---------- DATA FOR ANALYSIS ----------

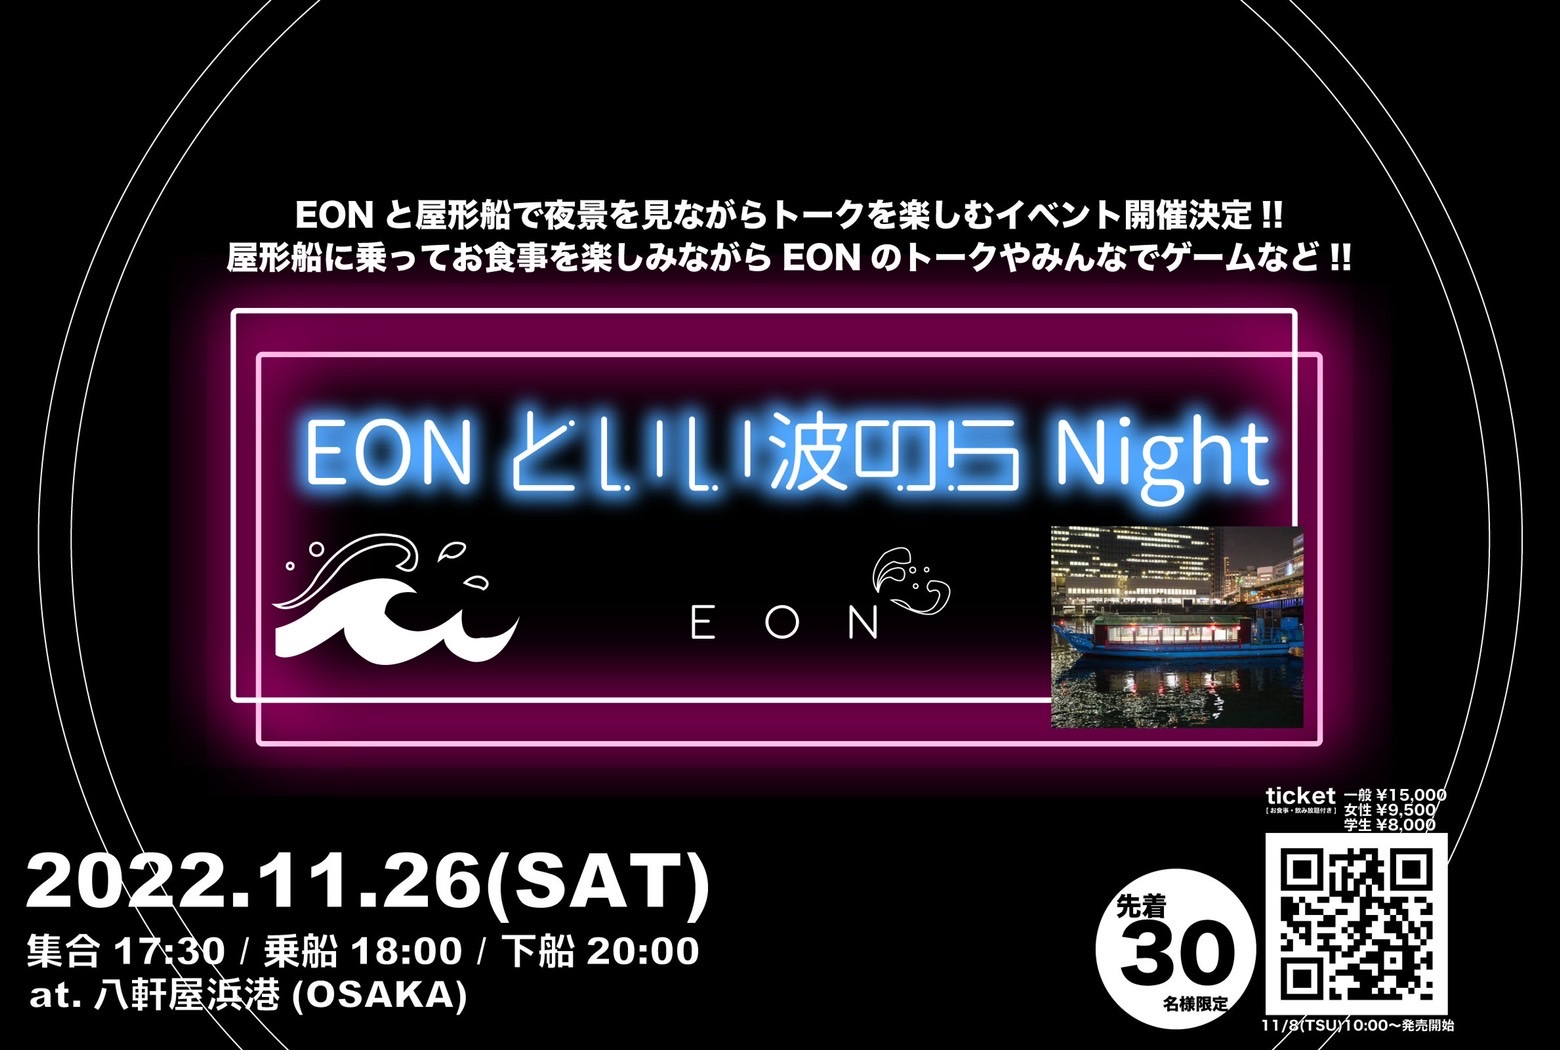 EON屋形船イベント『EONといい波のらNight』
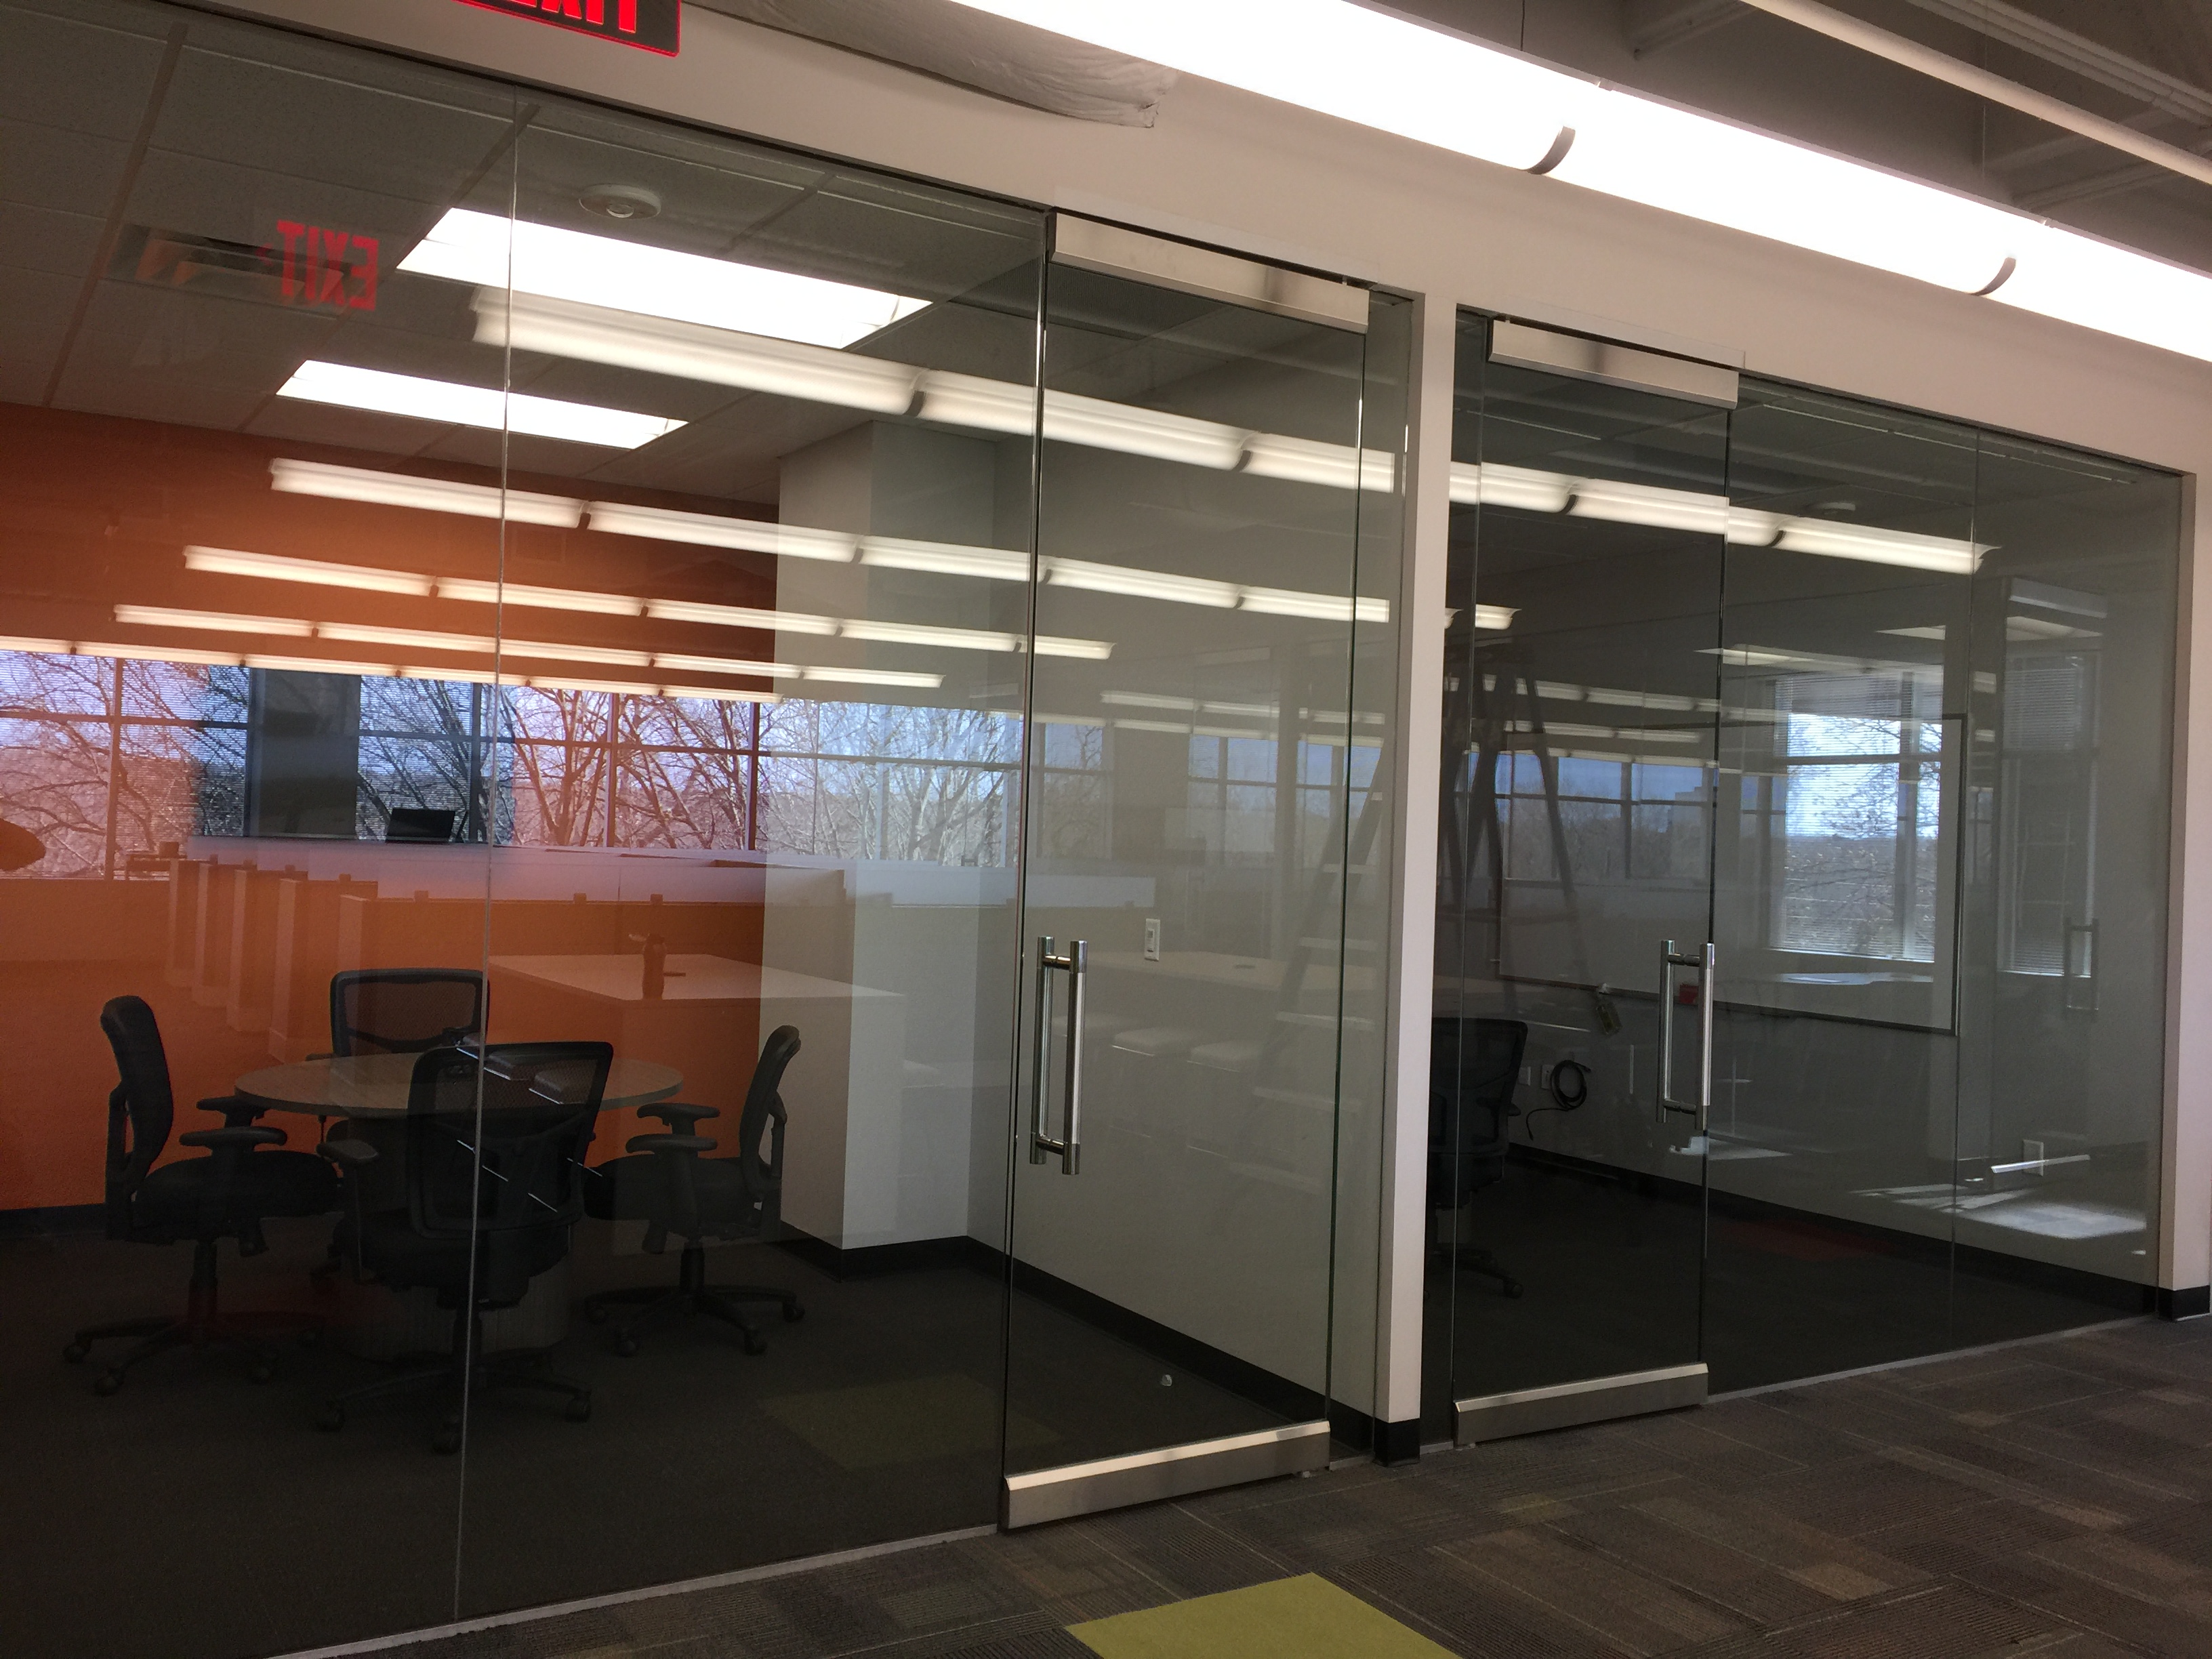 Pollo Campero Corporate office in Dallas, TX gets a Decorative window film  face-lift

----------
---------- DATA FOR ANALYSIS ----------

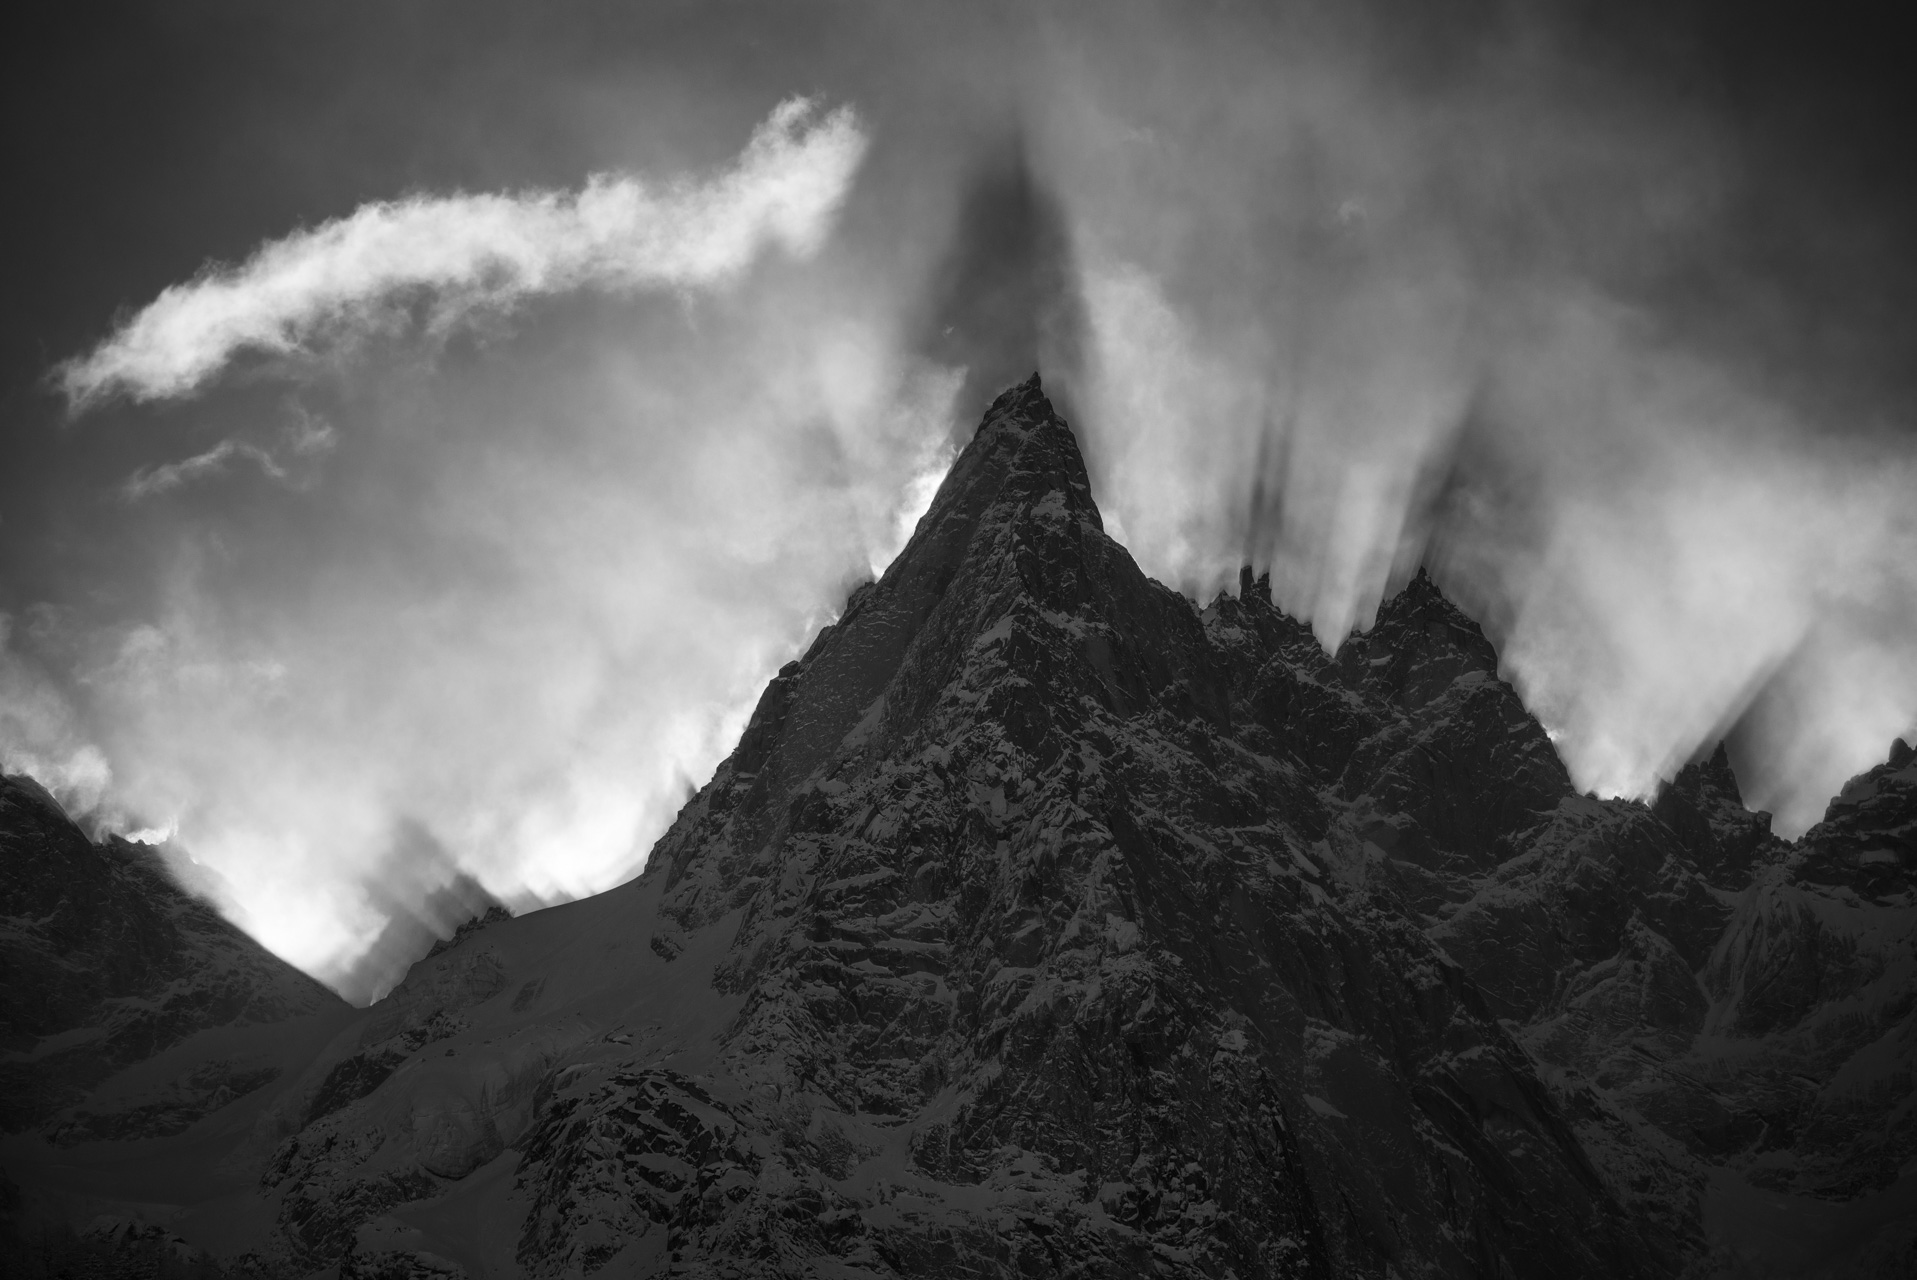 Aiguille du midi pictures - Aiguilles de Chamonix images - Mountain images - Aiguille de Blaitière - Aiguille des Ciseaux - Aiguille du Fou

----------

◆ EXERCISE:
Please set down, exactly and with no pictures, the lines in the entries above starting at the one holding "EON屋形船イベント『EONといい波のらNight』" and ending at the one holding "Pollo Campero Corporate", ends included.

◆ WRITTEN RESPONSE:
 EON屋形船イベント『EONといい波のらNight』
 Pollo Campero Corporate office in Dallas, TX gets a Decorative window film  face-lift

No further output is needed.